Apart from the images, the entire listing below must be restated word for word.

PROVIDED MATERIAL:
--

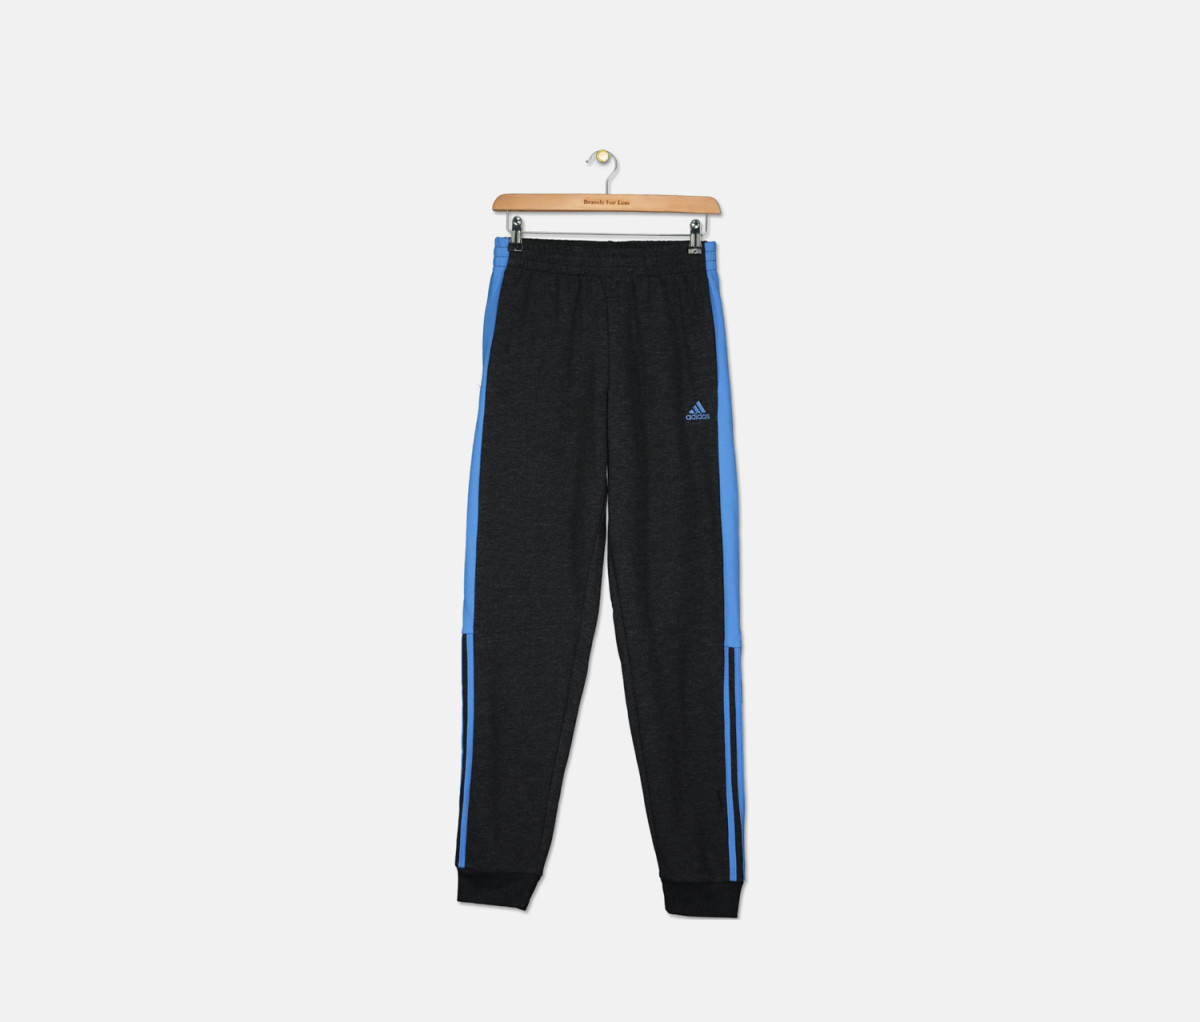 Adidas Big Boys Athletics Youth Jogger Pants  Black
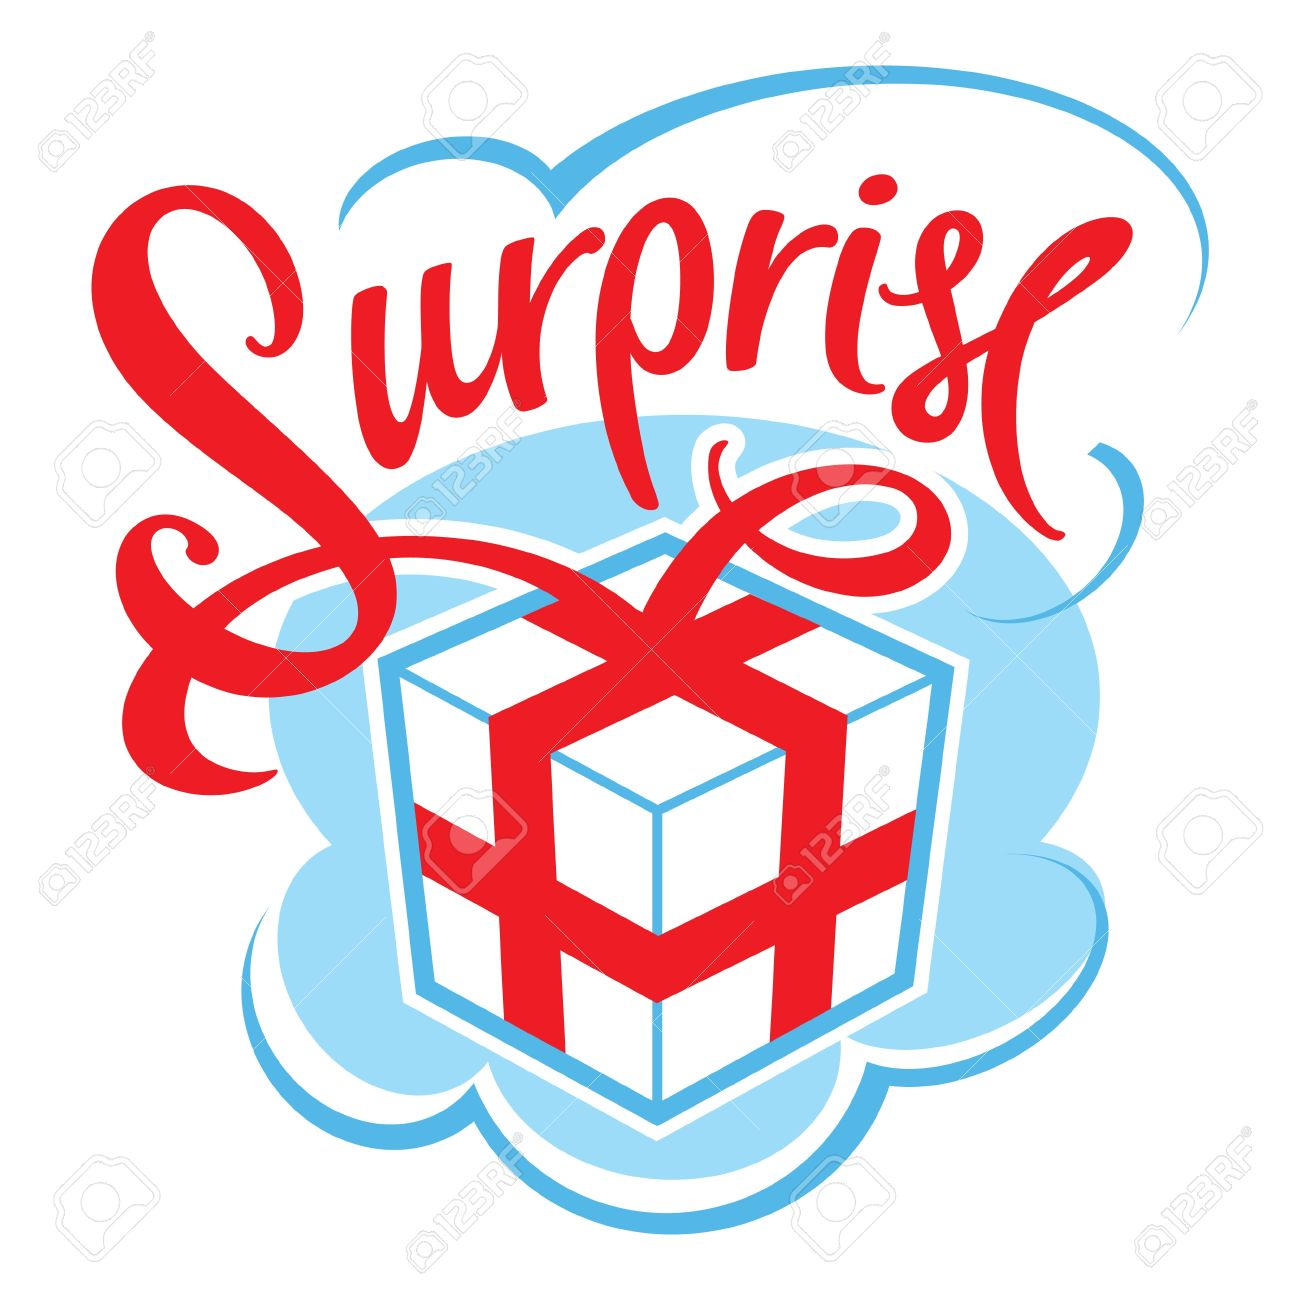 Gift box surprise for birthday, celebration, event, christmas, wedding Stock Vector - 14964467
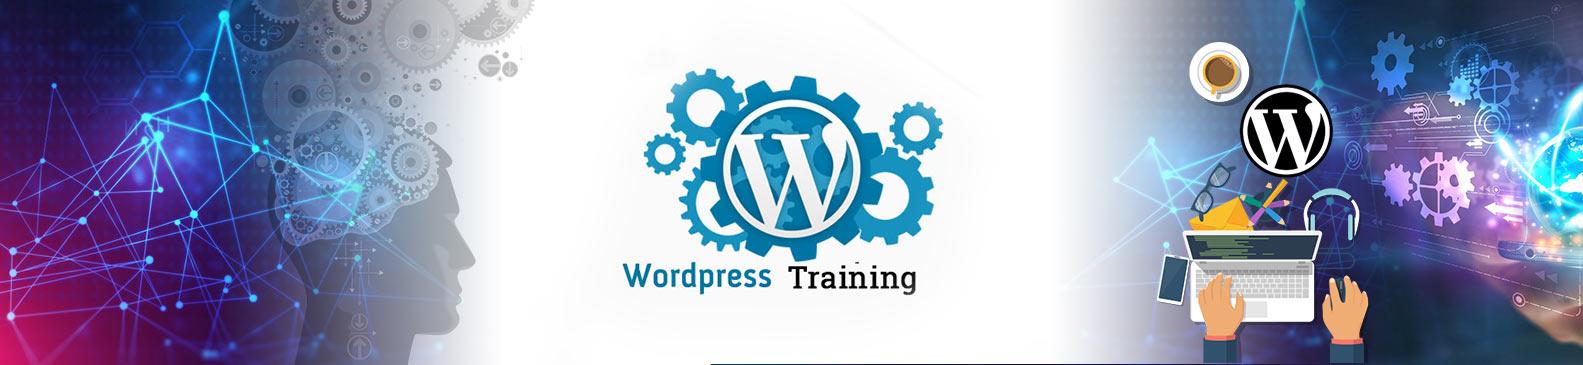 wordpress teacher training
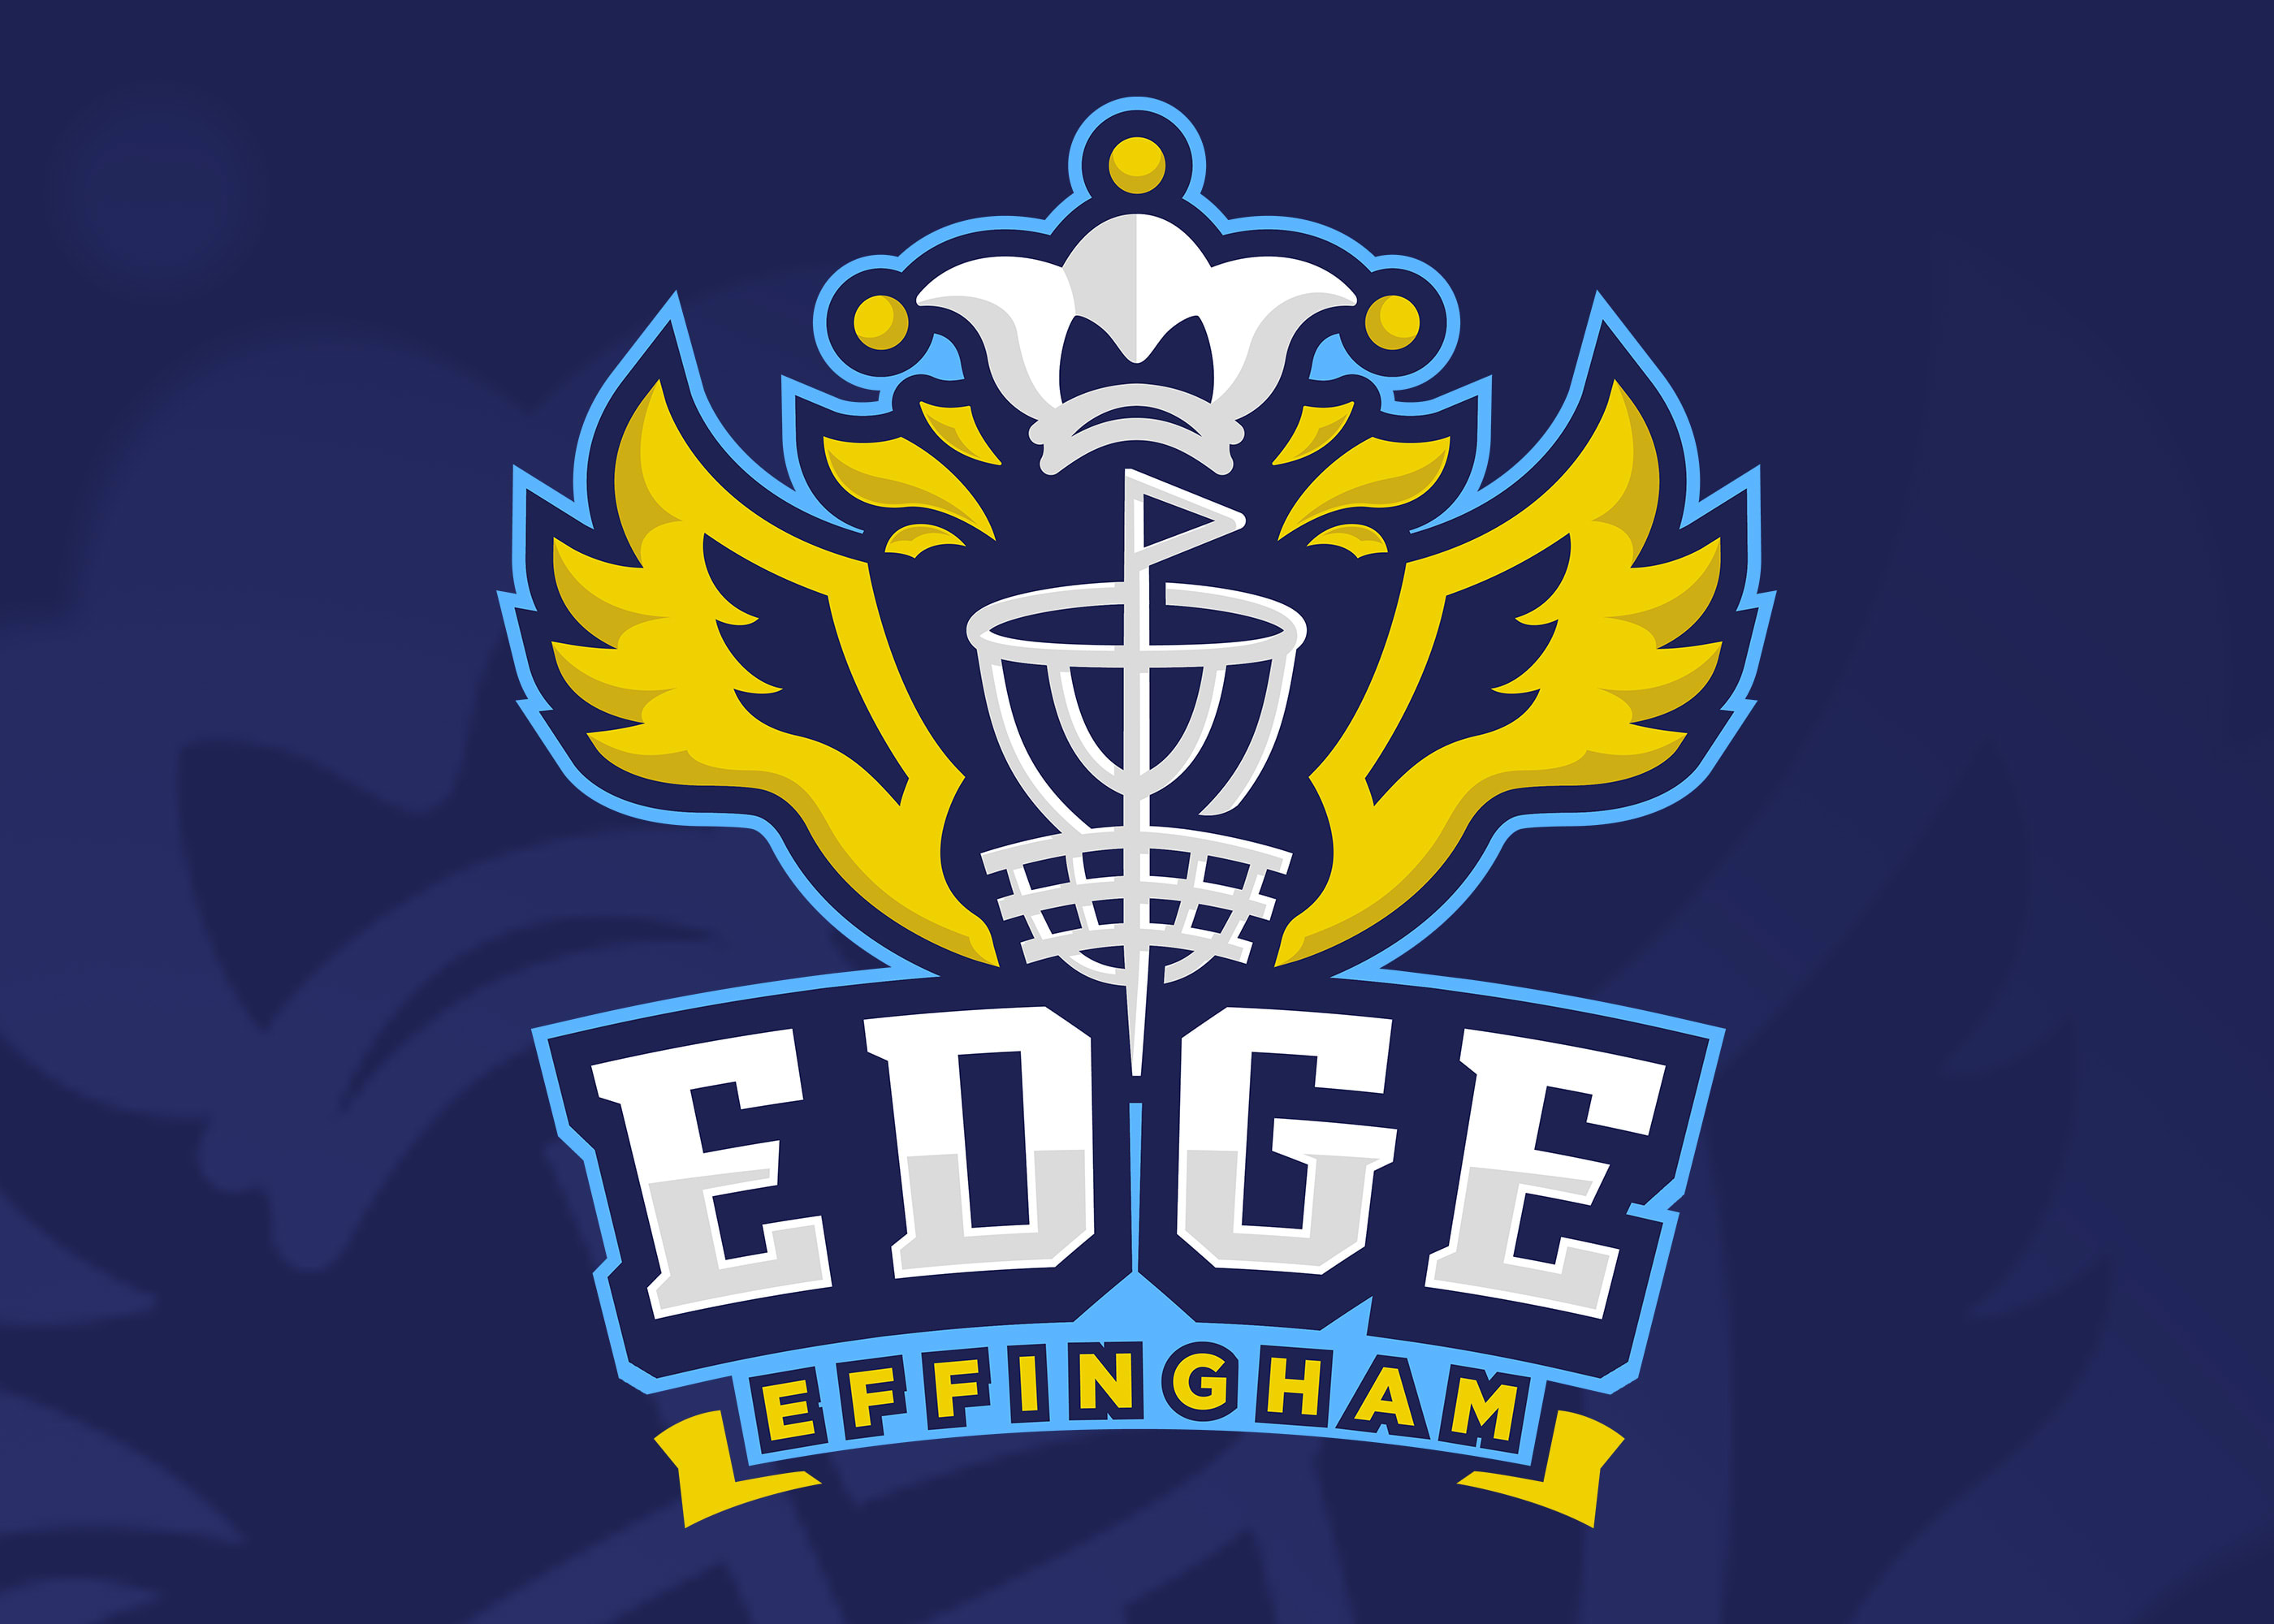 EDGE Effingham Disc Golf

--

SOLUTION TO THE PROBLEM:
 Adidas Big Boys Athletics Youth Jogger Pants  Black
 Gift box surprise for birthday, celebration, event, christmas, wedding Stock Vector - 14964467
 wordpress teacher training
 EDGE Effingham Disc Golf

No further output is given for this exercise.